Investing.com - The number of people who filed new applications for unemployment assistance in the U.S. last week unexpectedly fell to their lowest in nearly 50 years, offering a sign that conditions in the labor market may not be deteriorating as sharply as recent economic indicators have suggested.
The U.S. Department of Labor said Thursday that initial jobless claims in the week ended March 30 fell unexpectedly by 10,000 to a seasonally-adjusted 202,000. That was the lowest level since December 1969.
Analysts had expected 216,000. Claims for the prior week were revised up to 212,000.
The four-week moving average was 213,00, a decline of 4,000 from the previous week. The monthly average is seen as a more accurate gauge of labor trends because it reduces volatility in the week-to-week data. This gauge has been falling steadily since February.
The report said continuing jobless claims for the week ended March 23 fell to 1.717 million from 1.756 million in the preceding week. These claims reflect people who recently lost their jobs and are already receiving benefits.
The data make a reassuring prelude to Friday’s employment report for March.
According to a report Wednesday from payrolls processor ADP, the U.S. economy added the fewest private sector jobs in 18 months during March.

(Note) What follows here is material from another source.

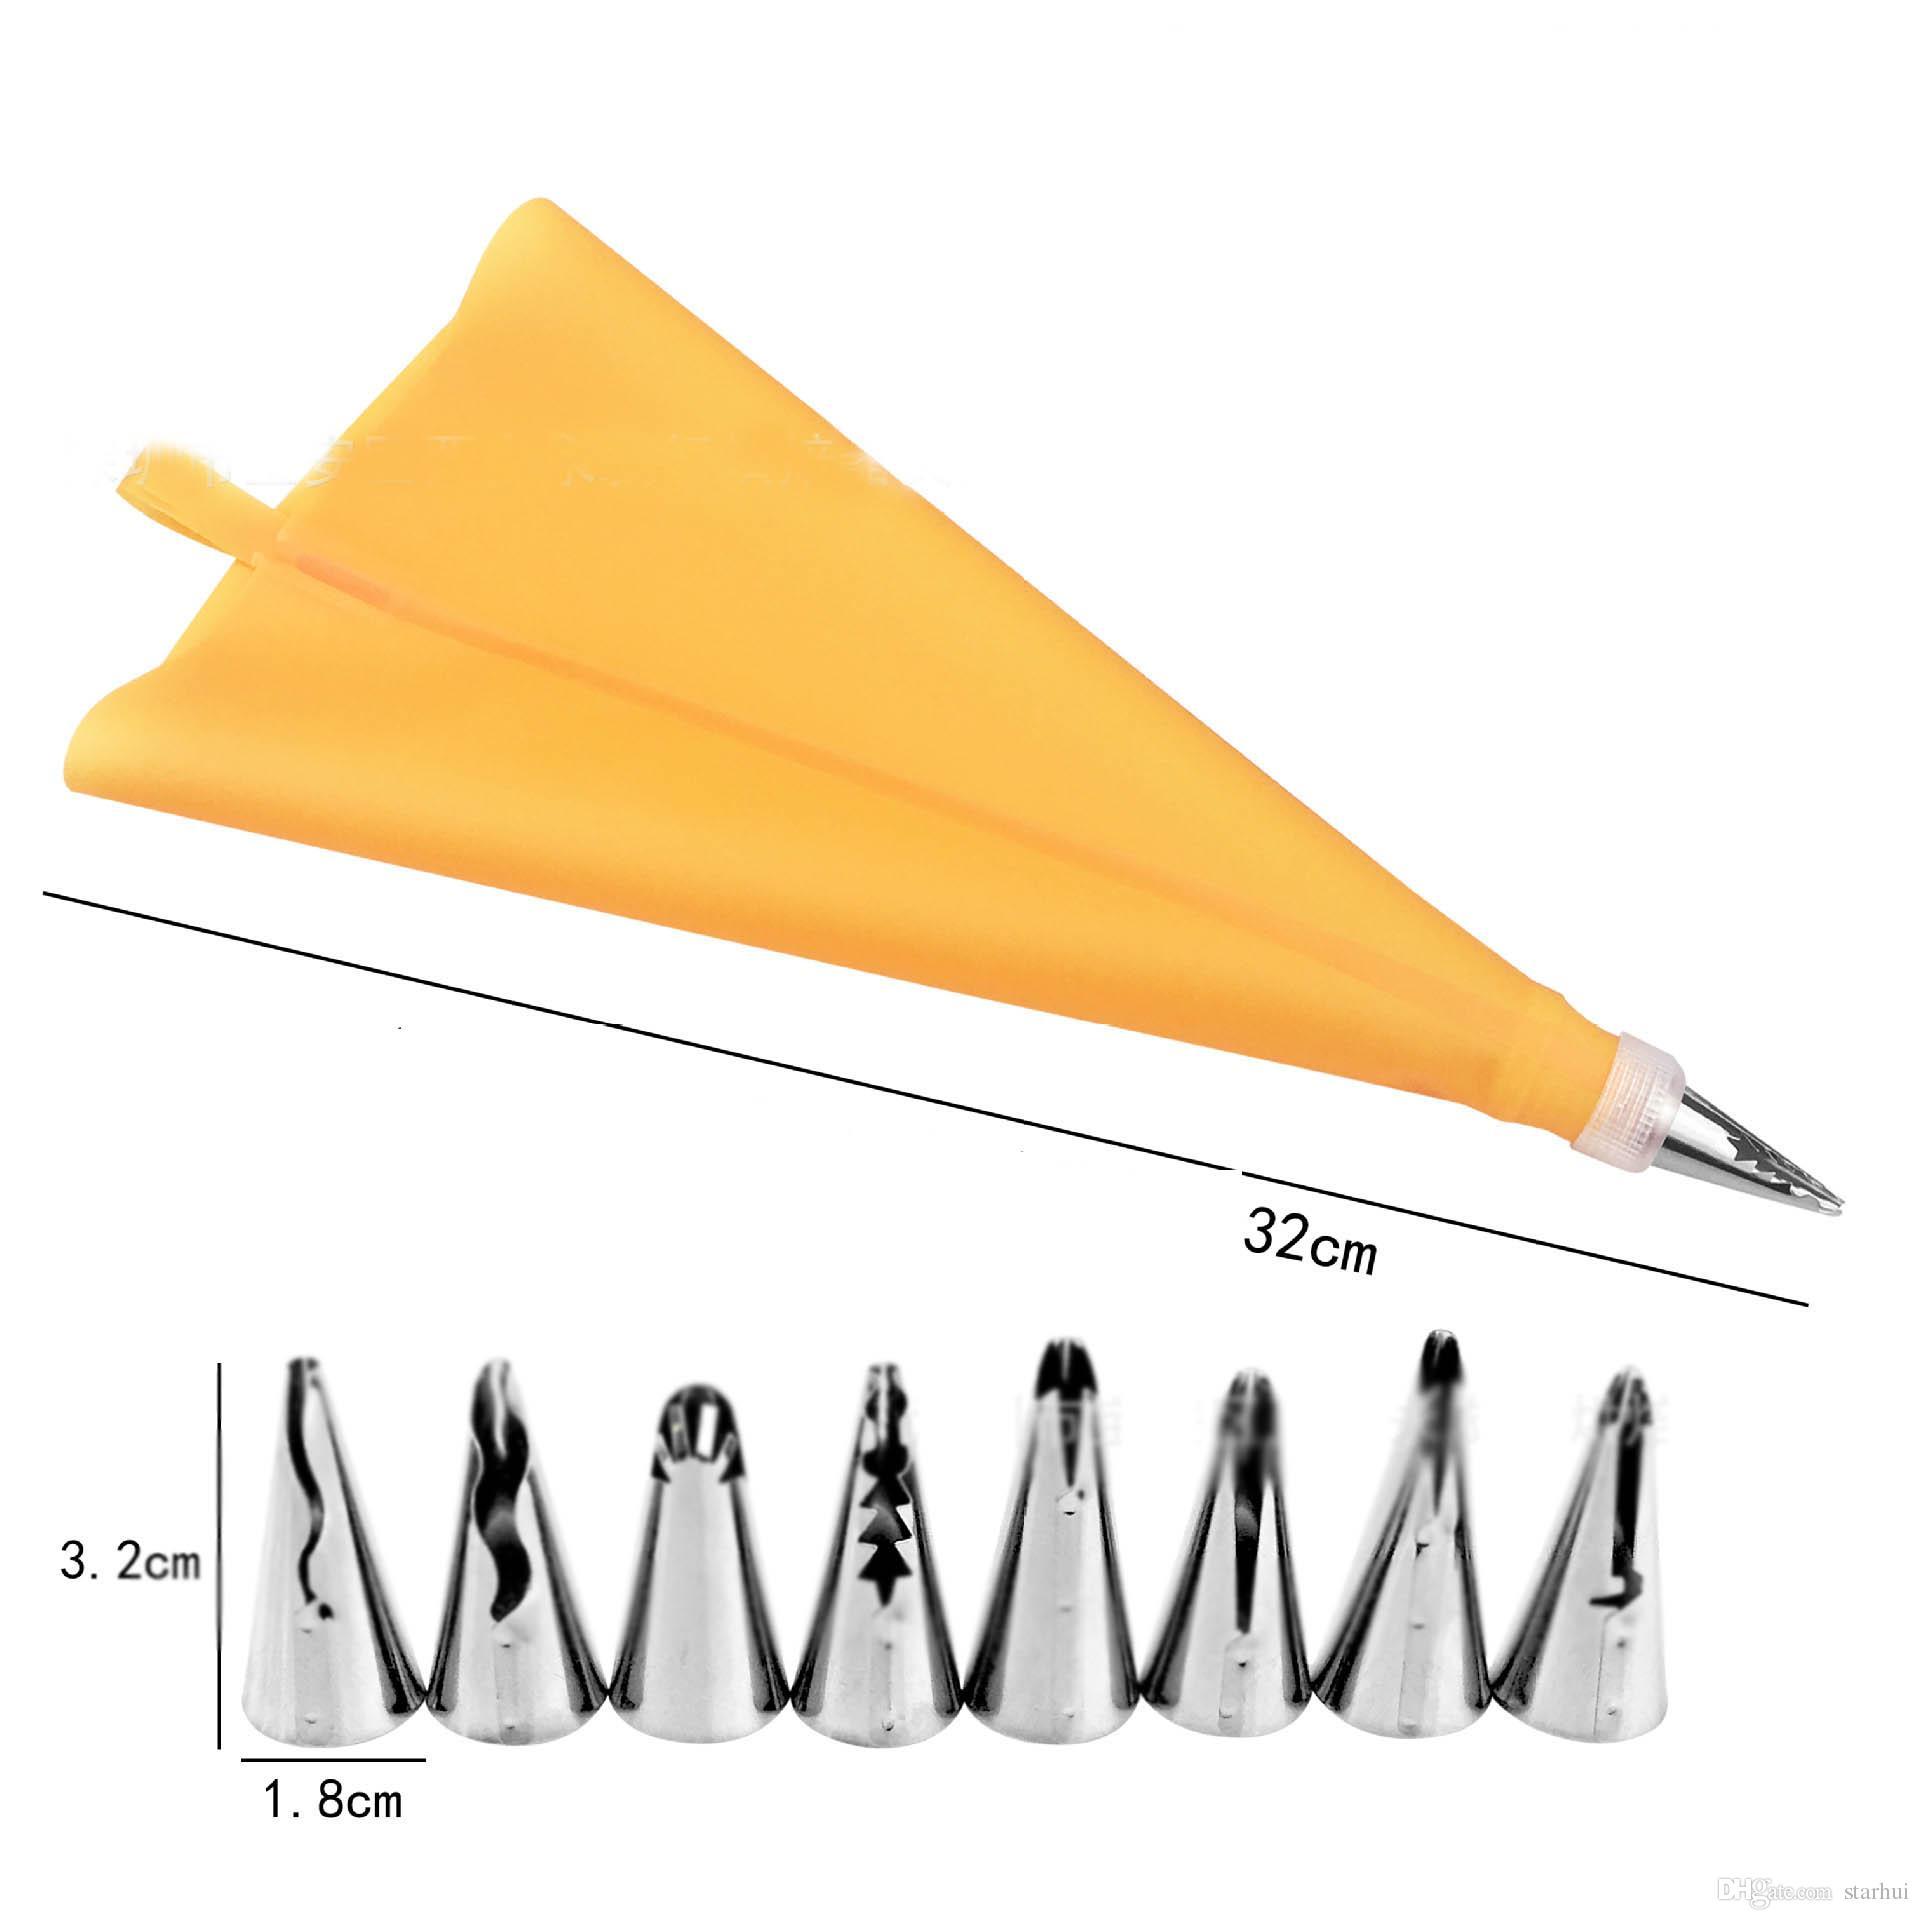 10 pezzi / Set Punte di cottura della torta della pasticceria di DIY Set Tool 8 punte dell'ugello + 1 sacchetto della pasticceria + 1 convertitore che decora il corredo dei rifornimenti WX9-300

That came after February’s employment report from the Bureau of Labor Statistics showed a sharp slowdown in job creation.
Economists forecast that Friday’s government report will show the creation of 180,000 nonfarm jobs, while the unemployment rate is expected to hold steady at 3.8%. Most of the focus will likely be on average hourly earnings, which are expected to rise 3.4% from a year earlier, similar to the increase reported in February.